* [Task instructions]
Lines before the one containing "Banff Pre Wedding" are left out; return that line and every line after it exactly, through the end of the data below.

----

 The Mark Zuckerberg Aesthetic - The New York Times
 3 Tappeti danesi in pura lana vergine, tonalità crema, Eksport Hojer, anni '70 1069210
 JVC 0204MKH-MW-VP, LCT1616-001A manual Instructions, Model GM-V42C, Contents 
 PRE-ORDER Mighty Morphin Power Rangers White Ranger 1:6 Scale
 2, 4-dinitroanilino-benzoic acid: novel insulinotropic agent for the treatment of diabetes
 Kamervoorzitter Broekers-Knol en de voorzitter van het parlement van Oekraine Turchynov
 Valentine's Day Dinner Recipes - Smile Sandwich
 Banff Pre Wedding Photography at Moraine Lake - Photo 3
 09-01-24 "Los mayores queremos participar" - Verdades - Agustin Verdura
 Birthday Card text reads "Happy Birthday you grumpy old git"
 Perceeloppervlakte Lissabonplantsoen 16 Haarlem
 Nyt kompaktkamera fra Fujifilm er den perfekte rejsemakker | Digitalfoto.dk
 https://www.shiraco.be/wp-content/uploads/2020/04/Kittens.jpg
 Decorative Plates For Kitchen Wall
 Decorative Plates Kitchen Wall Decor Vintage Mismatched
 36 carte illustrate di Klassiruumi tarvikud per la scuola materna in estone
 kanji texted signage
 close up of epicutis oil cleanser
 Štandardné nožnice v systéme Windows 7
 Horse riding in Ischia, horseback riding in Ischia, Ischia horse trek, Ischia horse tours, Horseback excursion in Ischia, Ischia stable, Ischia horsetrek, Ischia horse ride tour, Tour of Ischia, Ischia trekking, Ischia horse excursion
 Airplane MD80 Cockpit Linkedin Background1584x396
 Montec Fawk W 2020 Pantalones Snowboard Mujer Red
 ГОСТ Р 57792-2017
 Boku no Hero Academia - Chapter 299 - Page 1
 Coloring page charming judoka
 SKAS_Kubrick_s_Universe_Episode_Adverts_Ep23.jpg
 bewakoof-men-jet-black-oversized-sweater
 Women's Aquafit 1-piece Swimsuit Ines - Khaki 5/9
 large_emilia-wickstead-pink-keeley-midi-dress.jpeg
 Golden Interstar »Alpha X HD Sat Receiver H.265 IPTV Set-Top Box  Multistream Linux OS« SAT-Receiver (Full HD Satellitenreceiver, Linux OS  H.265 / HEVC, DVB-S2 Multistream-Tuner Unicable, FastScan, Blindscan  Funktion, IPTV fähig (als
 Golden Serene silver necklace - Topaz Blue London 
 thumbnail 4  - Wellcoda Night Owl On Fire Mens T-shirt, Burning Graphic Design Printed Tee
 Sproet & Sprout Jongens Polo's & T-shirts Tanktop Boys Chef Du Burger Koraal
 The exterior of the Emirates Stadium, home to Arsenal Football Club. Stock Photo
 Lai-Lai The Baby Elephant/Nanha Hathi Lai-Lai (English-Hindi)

----

* [Response area]
 Banff Pre Wedding Photography at Moraine Lake - Photo 3
 09-01-24 "Los mayores queremos participar" - Verdades - Agustin Verdura
 Birthday Card text reads "Happy Birthday you grumpy old git"
 Perceeloppervlakte Lissabonplantsoen 16 Haarlem
 Nyt kompaktkamera fra Fujifilm er den perfekte rejsemakker | Digitalfoto.dk
 https://www.shiraco.be/wp-content/uploads/2020/04/Kittens.jpg
 Decorative Plates For Kitchen Wall
 Decorative Plates Kitchen Wall Decor Vintage Mismatched
 36 carte illustrate di Klassiruumi tarvikud per la scuola materna in estone
 kanji texted signage
 close up of epicutis oil cleanser
 Štandardné nožnice v systéme Windows 7
 Horse riding in Ischia, horseback riding in Ischia, Ischia horse trek, Ischia horse tours, Horseback excursion in Ischia, Ischia stable, Ischia horsetrek, Ischia horse ride tour, Tour of Ischia, Ischia trekking, Ischia horse excursion
 Airplane MD80 Cockpit Linkedin Background1584x396
 Montec Fawk W 2020 Pantalones Snowboard Mujer Red
 ГОСТ Р 57792-2017
 Boku no Hero Academia - Chapter 299 - Page 1
 Coloring page charming judoka
 SKAS_Kubrick_s_Universe_Episode_Adverts_Ep23.jpg
 bewakoof-men-jet-black-oversized-sweater
 Women's Aquafit 1-piece Swimsuit Ines - Khaki 5/9
 large_emilia-wickstead-pink-keeley-midi-dress.jpeg
 Golden Interstar »Alpha X HD Sat Receiver H.265 IPTV Set-Top Box  Multistream Linux OS« SAT-Receiver (Full HD Satellitenreceiver, Linux OS  H.265 / HEVC, DVB-S2 Multistream-Tuner Unicable, FastScan, Blindscan  Funktion, IPTV fähig (als
 Golden Serene silver necklace - Topaz Blue London 
 thumbnail 4  - Wellcoda Night Owl On Fire Mens T-shirt, Burning Graphic Design Printed Tee
 Sproet & Sprout Jongens Polo's & T-shirts Tanktop Boys Chef Du Burger Koraal
 The exterior of the Emirates Stadium, home to Arsenal Football Club. Stock Photo
 Lai-Lai The Baby Elephant/Nanha Hathi Lai-Lai (English-Hindi)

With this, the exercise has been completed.